Unfortunately, early studies of a variety of solute FFs indicated that the experimental KBIs were not, in general, well reproduced [15,20–22]. In fact, the agreement with experiment was often very poor. This implies an incorrect balance between solute-solute self association (G22) and solute solvation (G21). This imbalance must arise from inappropriate intermolecular potentials i.e., inaccurate FF parameters. To solve this problem we have been developing FFs for small solutes specifically designed to reproduce the experimental KBIs. Hence, we have labeled this the Kirkwood-Buff derived force field (KBFF) approach. In the following section we outline our results to date and how they have improved our understanding of solutions. In particular, we focus on hydrophobic solutes in alcohol solvents and comment on the similarities in the clustering of alcohol molecules, a feature observed across different systems for low alcohol mole fractions. The microscopic view of these alcohol solutions is intriguing because, although alcohols are macroscopically homogeneous and disordered, we see that they exhibit heterogeneity and local order on the microscopic scale. Significant efforts are being taken to understand the relationship among the liquid microstructure observed from computer simulations, statistical solution theories, experimental correlation functions obtained from spectroscopy, and experimental solution thermodynamics [23–26]. For example, our KB derived approach essentially implies that, while a number of force fields are able to produce many thermodynamic properties of solutions, these are necessary, but not sufficient, conditions for accurate descriptions of solutions. Information on the microstructure e.g., the KBIs, is of key importance as well.
Simulation Details
Here we provide a brief description of the typical simulation conditions used in the development of the new FFs. More details can be found in our recent studies [27,28]. All mixtures are simulated via classical molecular dynamics techniques using the Gromacs program (version 3.3) [29]. The simulations are performed in the isothermal-isobaric NpT ensemble at the temperature and pressure of interest using Berendsen thermostats and barostats [30]. All solute and solvent bonds are constrained using the LINCS algorithm [31]. A 2 fs time step is used for integration of the equations of motion. Electrostatic interactions are evaluated using the particle-mesh-Ewald technique [32] with cutoff distances of 1.2 nm and of 1.5 nm for the real space electrostatic and van der Waals interactions, respectively. The SPC/E water model is adopted for all aqueous simulations [33].

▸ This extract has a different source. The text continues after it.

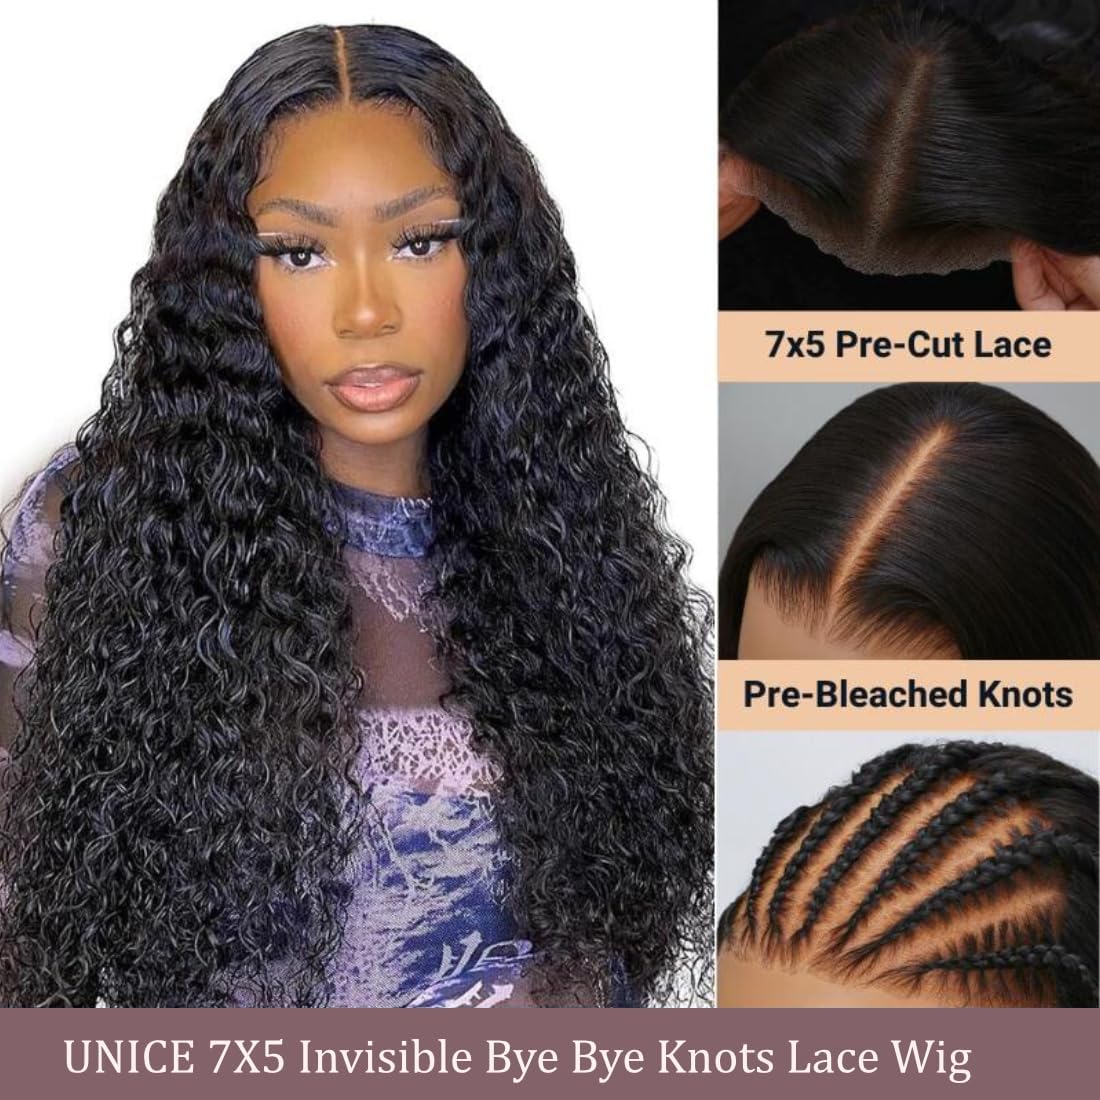 UNICE Bye Bye Knots Wig Invisible Knots Water Wave 7x5 Lace Front Wigs Human Hair Wet and Wavy Put on and Go Glueless Human Hair Wig Pre Plucked Pre Cut Lace 180% Density 24 inch

The KBIs have to be truncated in closed systems. We have discussed this issue in detail [20,21,27]. Typically, the integral is truncated after several solvation shells (1–1.5 nm) depending on the size of the solute and solvent. To eliminate statistical variations we have averaged the integral values over a small range of integration distances, typically corresponding to one solvation shell. The accuracy of this truncation procedure can be checked by determining the simulated partial molar volumes and compressibility using other approaches, and comparing with the values obtained from Equations 4 and 5 [27]. Error estimates are typically obtained from multiple 1–5ns block averages.
The simulations presented here involve a series of solutes and solvents. The force fields for methanol and sulfur compounds were taken from the literature [27,28]. The force fields for aromatic compounds have been recently developed and will be submitted for publication shortly [34]. The nonbonded parameters for these aromatic molecules are: q = −0.13, ε = 0.33, σ = 0.381 for aromatic carbons; q = 0.13, ε = 0.088, σ = 0.158 for aromatic hydrogens; and q = 0.0, ε = 0.8672, σ = 0.3742 for united atom methyls. The σ and ε parameters for the hydroxyl oxygen and hydrogen in phenol and p-cresol were taken from our previous study of methanol, with a modified charge distribution of qc = 0.270, qo = −0.738, qH = 0.468. The simulations were performed for cubic systems of L = 6nm, or L = 10nm (for the sulfur systems), and for at least 10ns of production starting from random initial configurations followed by 1–2ns of equilibration.
Results
Amino acid side chains include both polar and nonpolar functional groups. Using the KBIs as a guide, a series of models for simple polar solutes in water have been developed. More recently, nonpolar solutes have been studied by switching the solvent of interest to methanol [28,34]. This then assumes that reasonable FFs for solutes in methanol should provide good models for solutes in water as long as one has an accurate model for methanol and water mixtures. Indeed, it is hoped that the properties of any binary liquid mixture will be well reproduced.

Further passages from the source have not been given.